The invention relates to a wind turbine in the genus Concept of the main claim specified type. In the search water, wind and. play for renewable energy sources Sun an increasing role. The invention wants the Stromge Wind or geographic or climatic direction visibly uniform wind currents from disadvantaged regions Design ones efficiently.

This task is at a generic wind power According to the invention with the in the characterizing part of Main claim specified means solved. You get on this way a wind converter with a significantly verbes total efficiency.

This new system for wind energy utilization enables it, e.g. along railway lines, motorways and overland roads small, medium-sized wind turbines with a good annual season to build efficiency, with both weaker as well as strong wind in a system are used as well as possible can be.

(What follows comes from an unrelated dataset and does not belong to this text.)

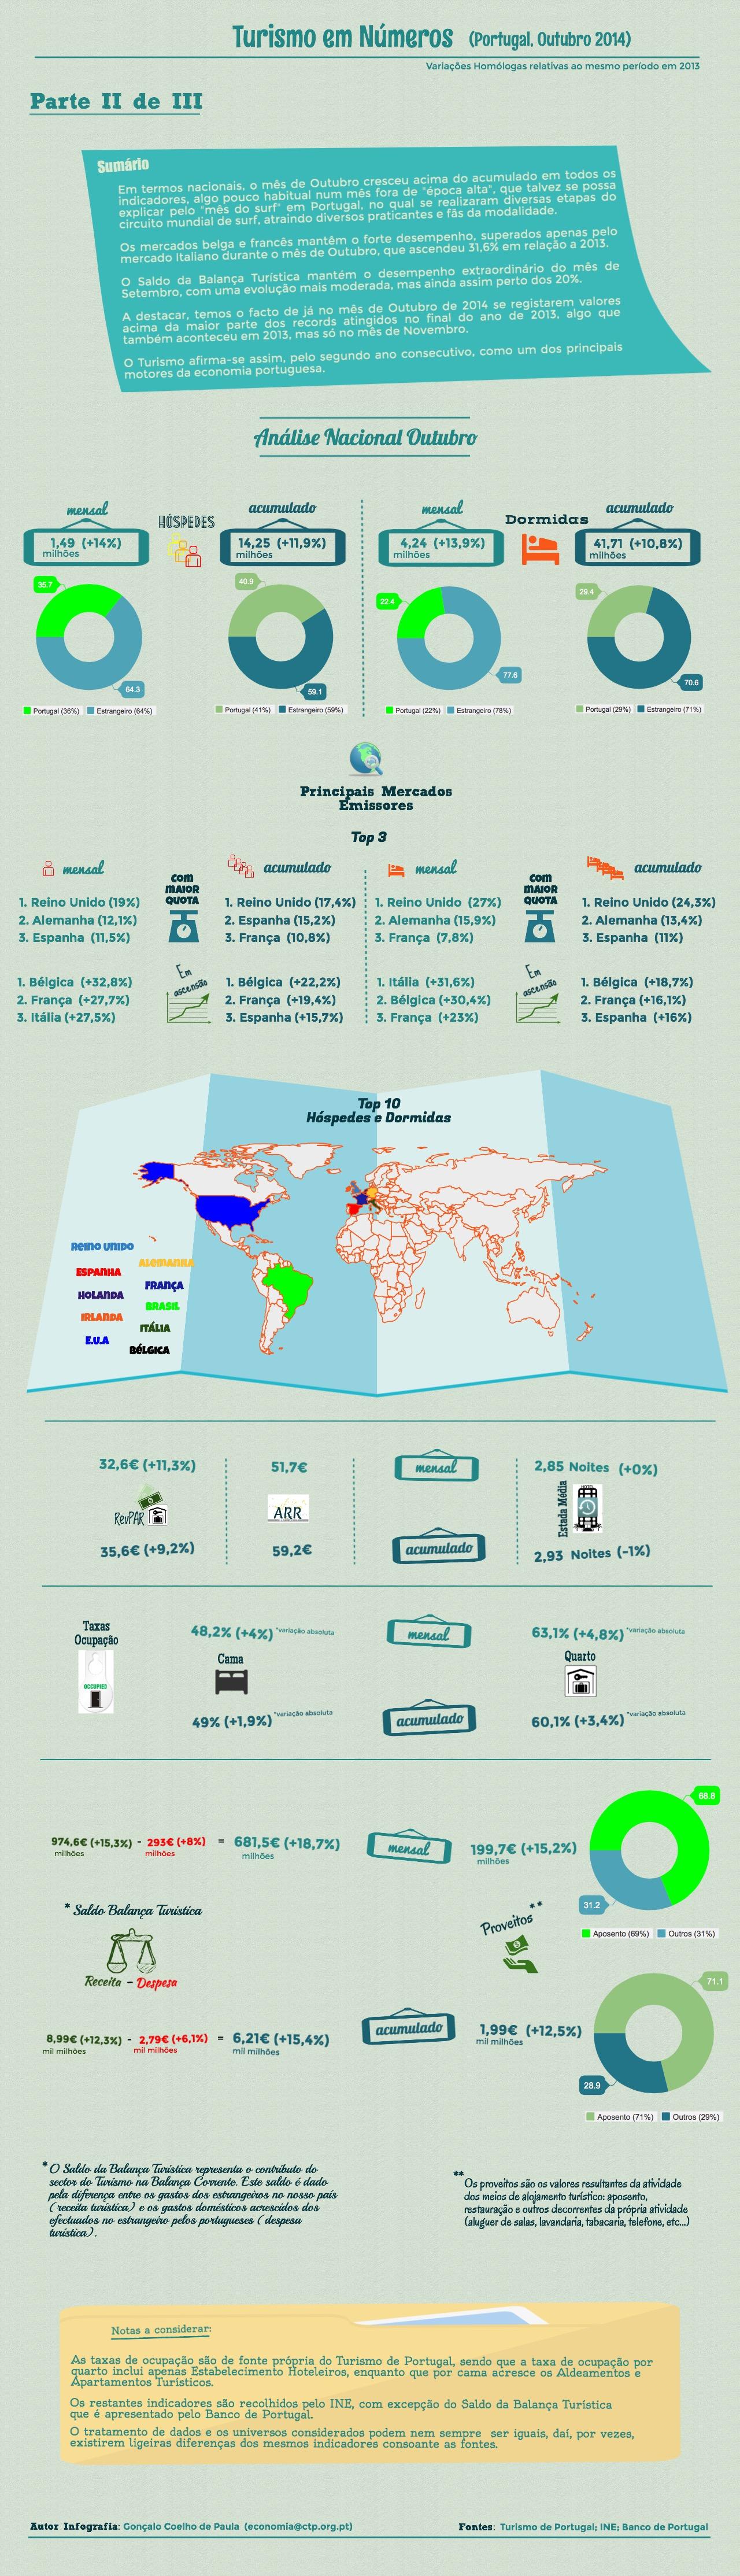 Análise Nacional Outubro 2014 | Piktochart Infographic Editor

Further developments of the invention are in the subclaims specified.

The invention is based on one in the drawing illustrated embodiment of the subject of the invention of explained in more detail. Show it

Fig. 1 is a schematic overview of the wind power plant,

Fig. 2 is a view of an assembled on the modular principle wing,

Fig. 3 is a view of a single vane segment of Fig. 2,

Fig. 4 is a plan view of a connecting element from Fig. 2, seen in the direction of line IV-IV and

Fig. 5 is a partial section through Fig. 4 along line VV.

Two wind turbines 1 and 2 are coaxially mounted in a gate housing 3 and pivotable in the wind direction on a support ze 4 . As usual, the support can be designed like a frame or tower. One wind turbine 1 is located in the wind direction in front of the generator housing 3 , the other wind wheel 2 behind it, so that there is a twin drive for an electrical generator housed in the generator housing 3 .

The two wind turbines 1 and 2 rotate in opposite directions at different speeds. The front windmill 1 is a high-speed runner (eg one, two or three-bladed), the rear windmill 2 is a multi-bladed slow runner.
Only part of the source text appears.